■ How to complete this task
Write out exactly the lines below starting at the one containing "Все плакаты для" and ending at the one containing "Французский язык. Второй". Omit every picture.

■ Data
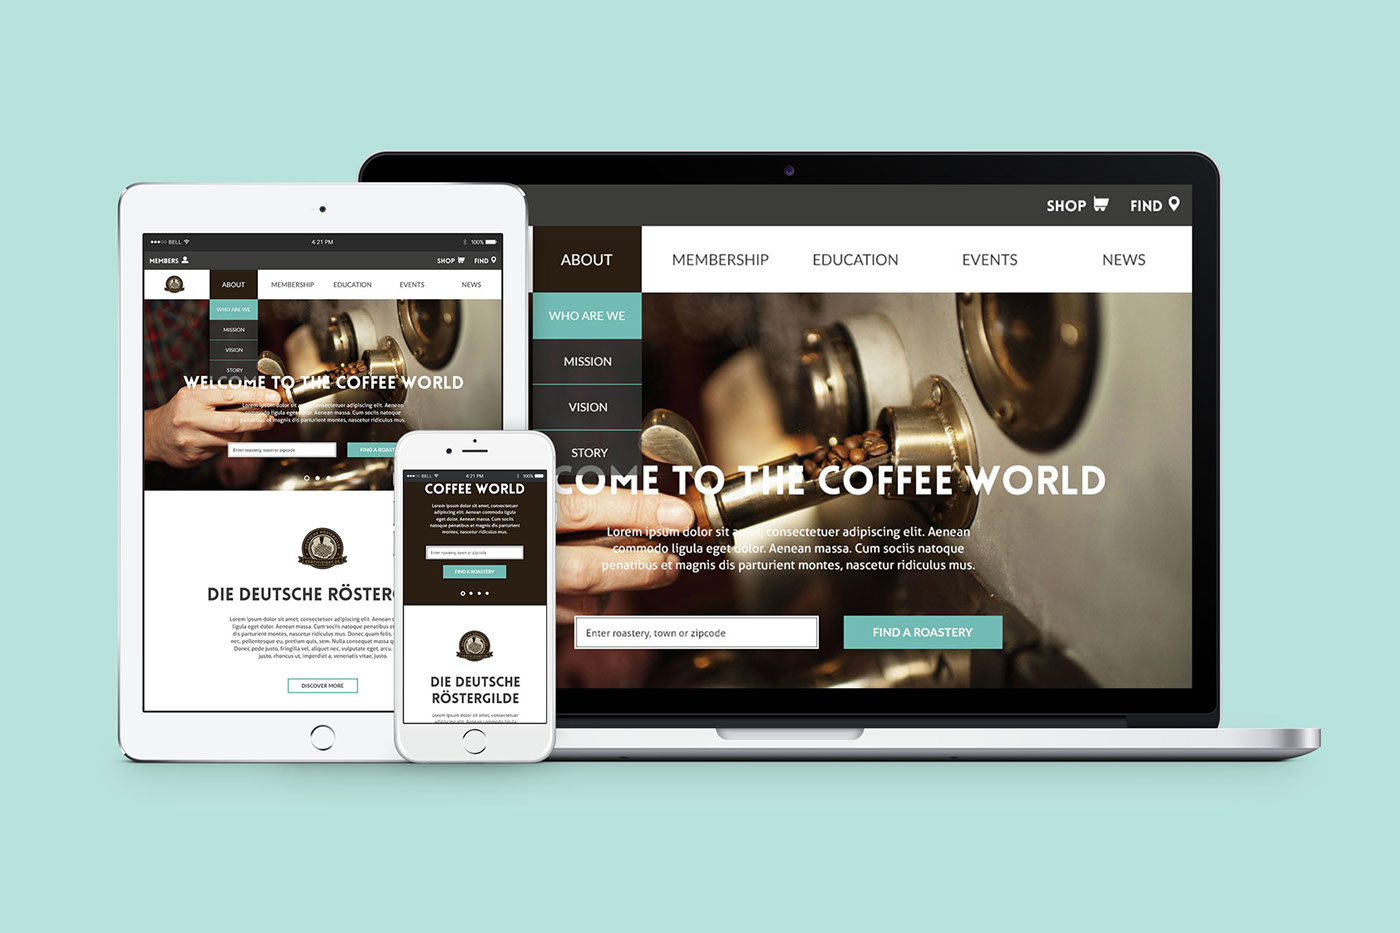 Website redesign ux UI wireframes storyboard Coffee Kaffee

--

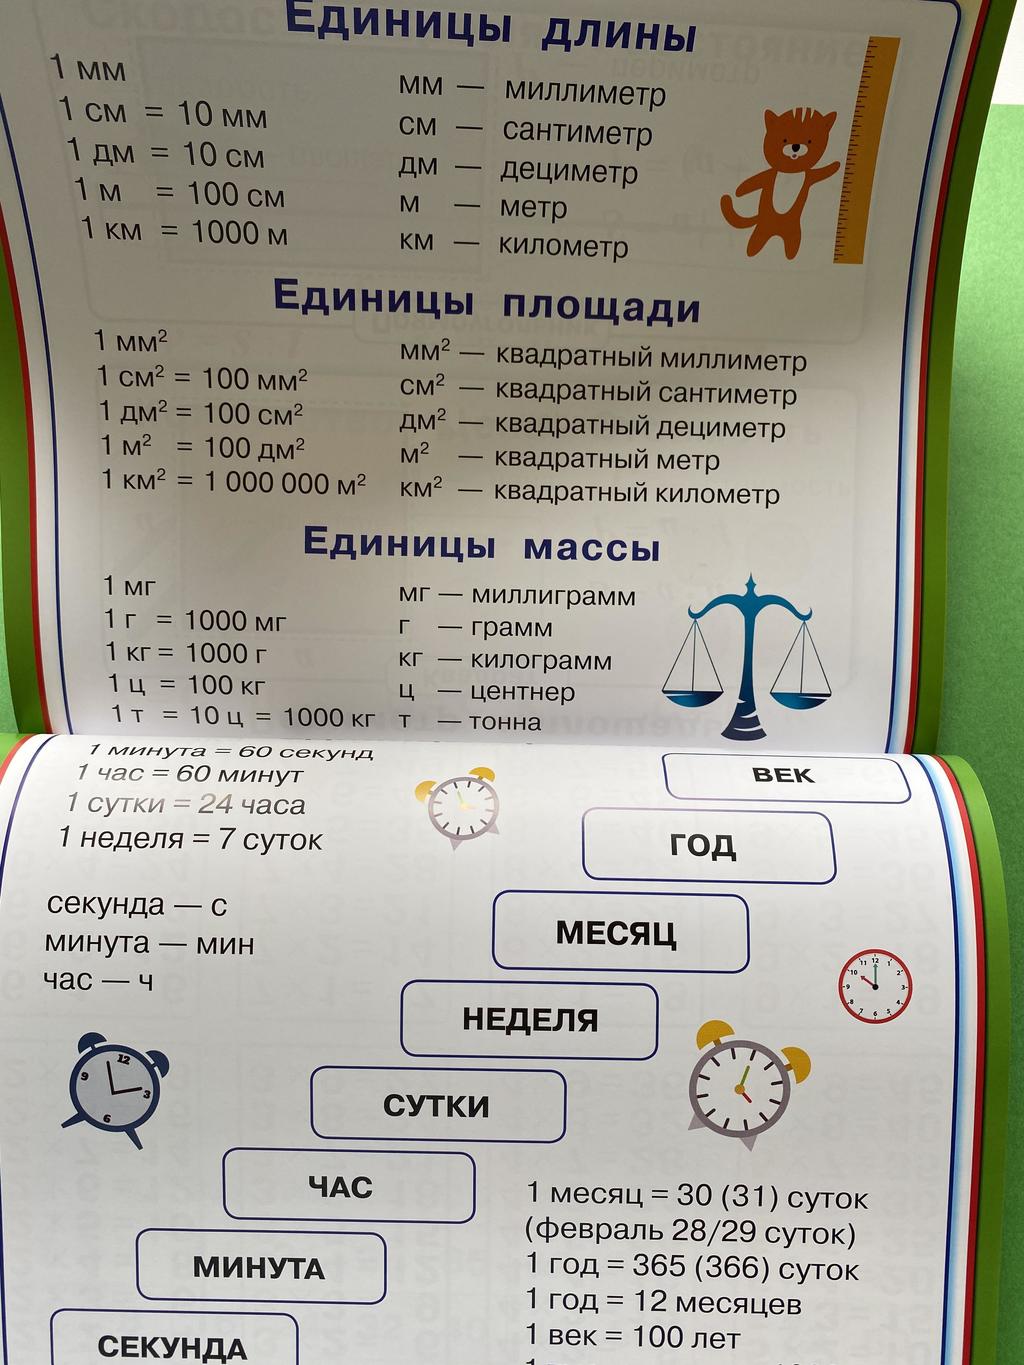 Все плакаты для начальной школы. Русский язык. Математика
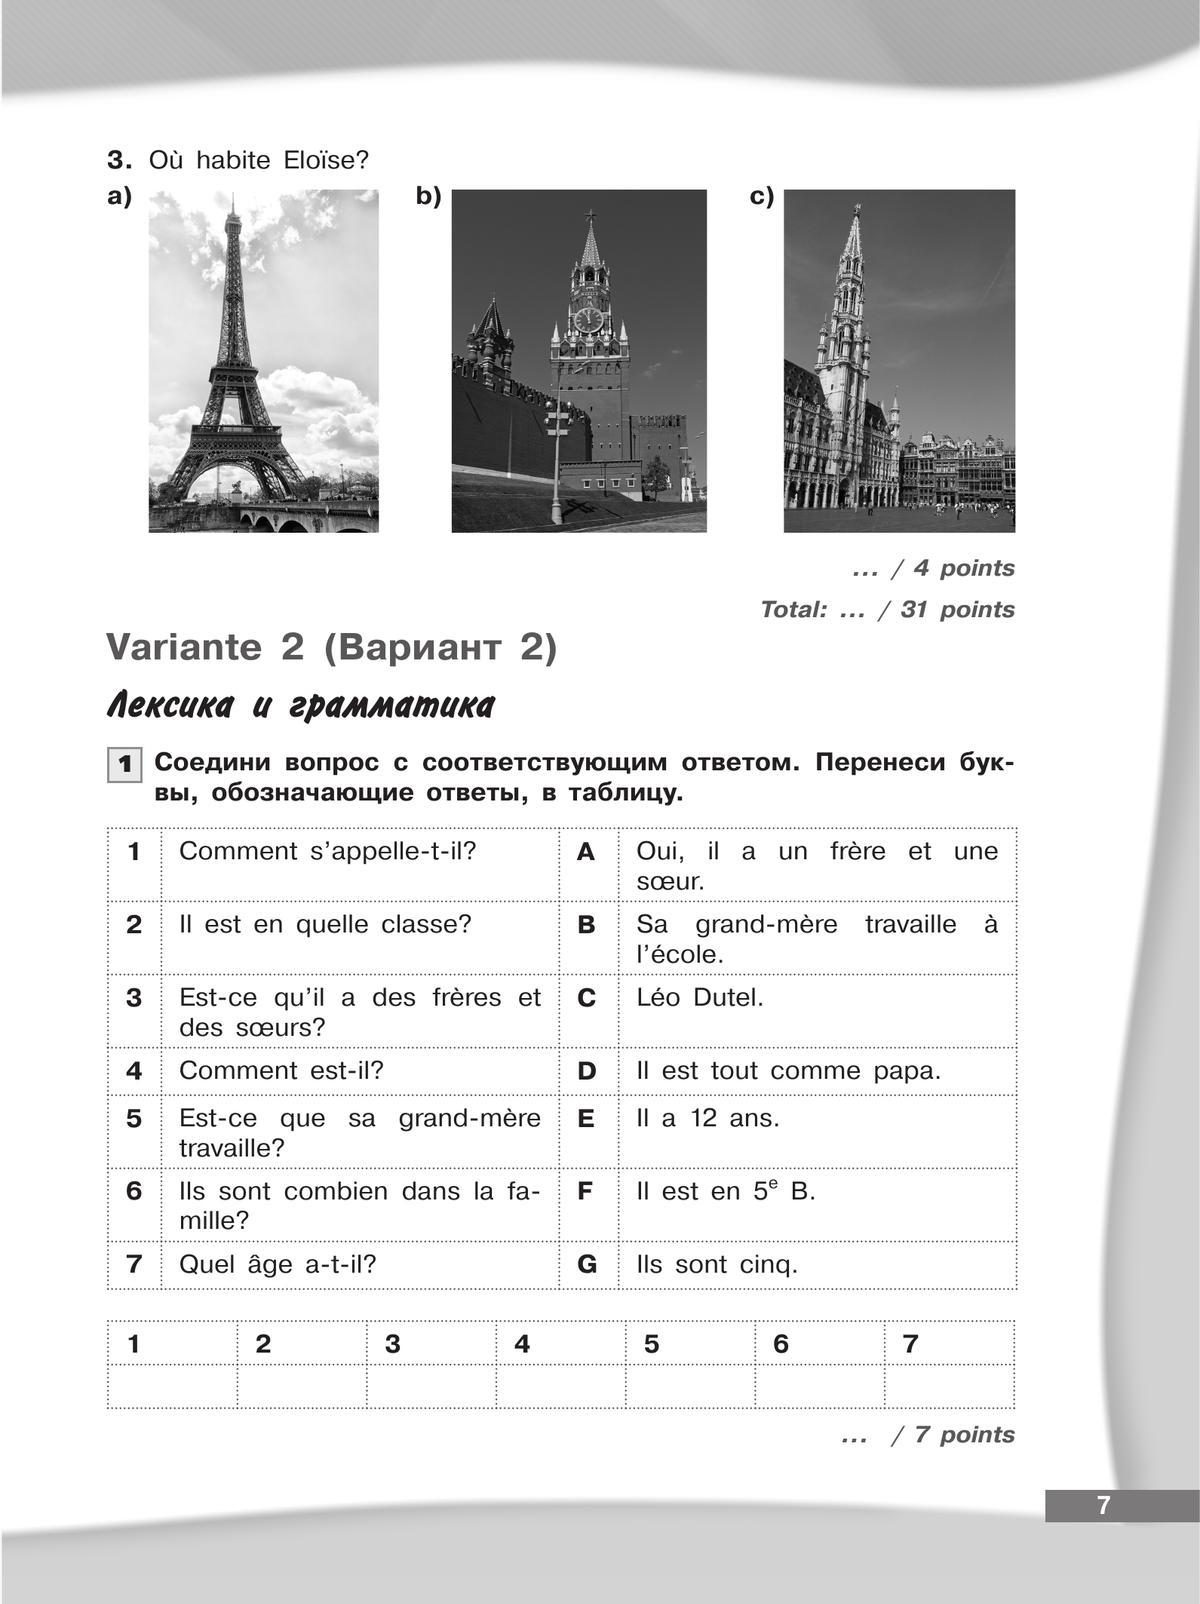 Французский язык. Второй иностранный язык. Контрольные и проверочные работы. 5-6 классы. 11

---

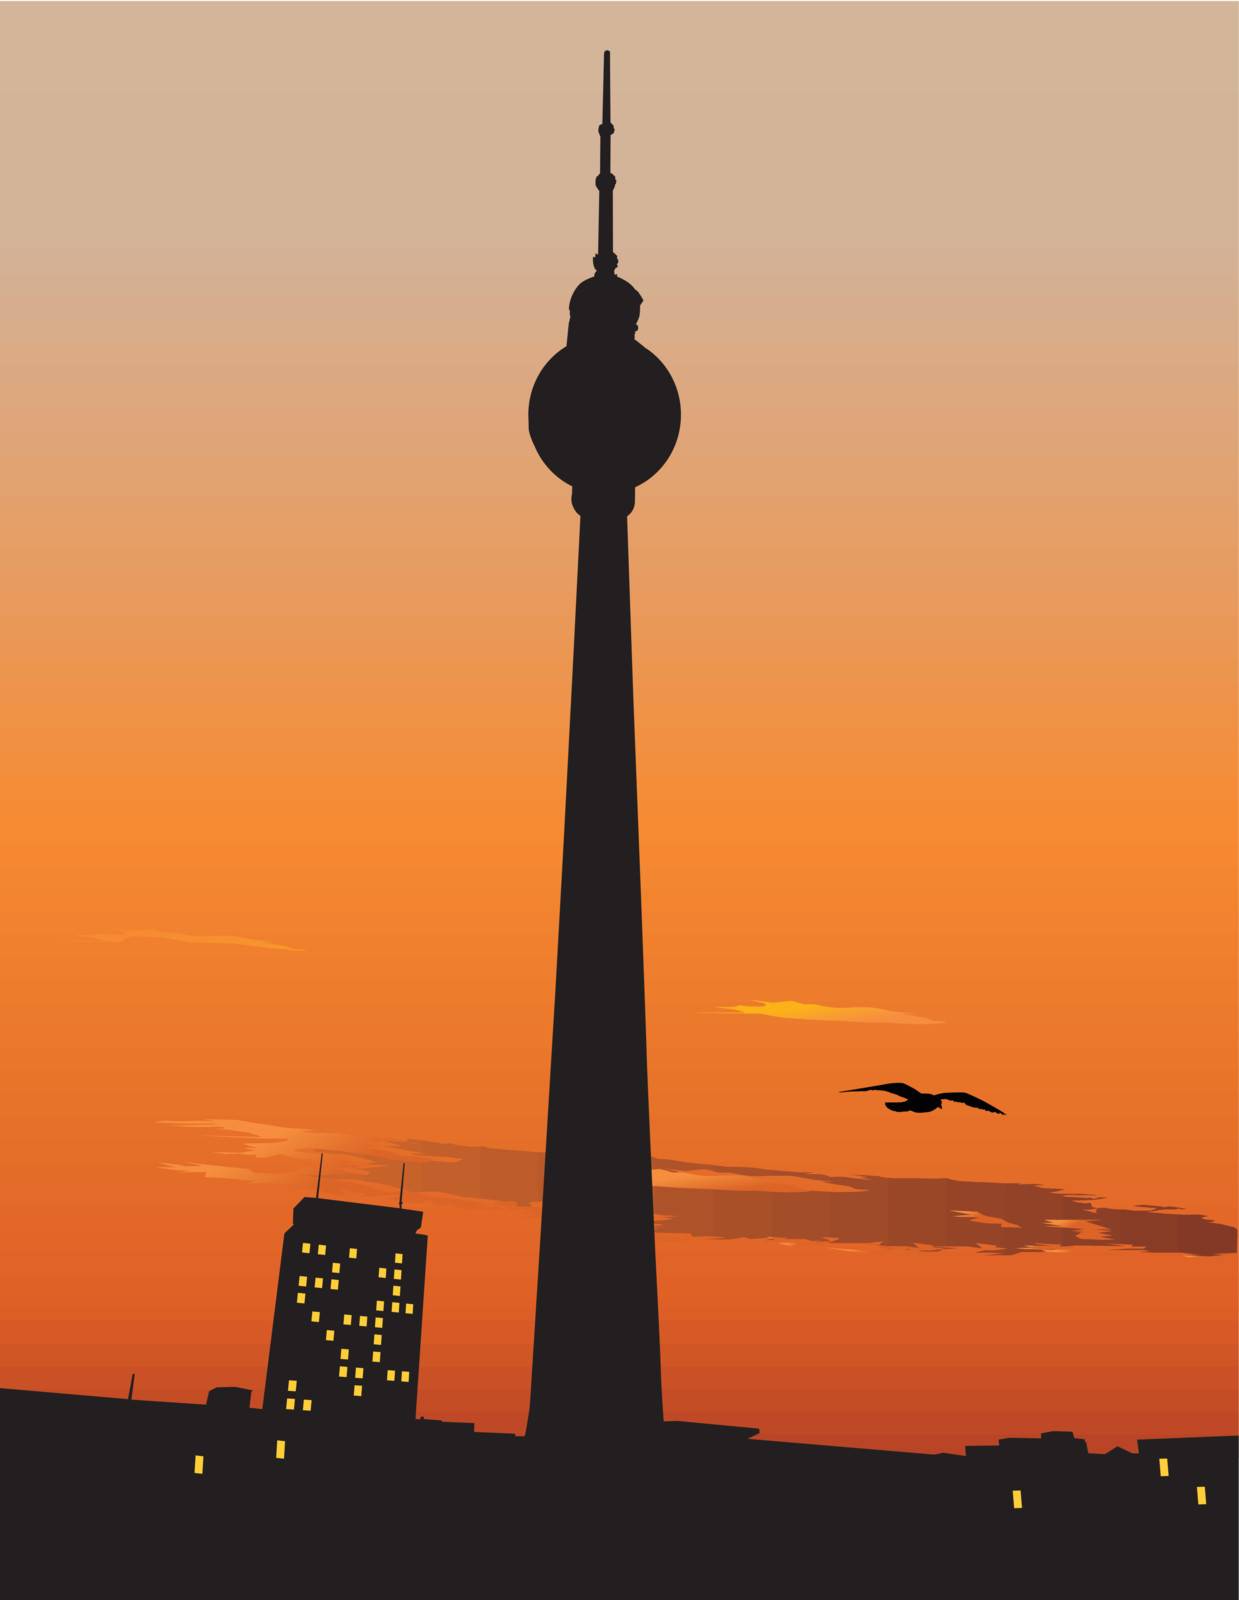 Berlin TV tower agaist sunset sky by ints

■ Worked solution
 Все плакаты для начальной школы. Русский язык. Математика
 Французский язык. Второй иностранный язык. Контрольные и проверочные работы. 5-6 классы. 11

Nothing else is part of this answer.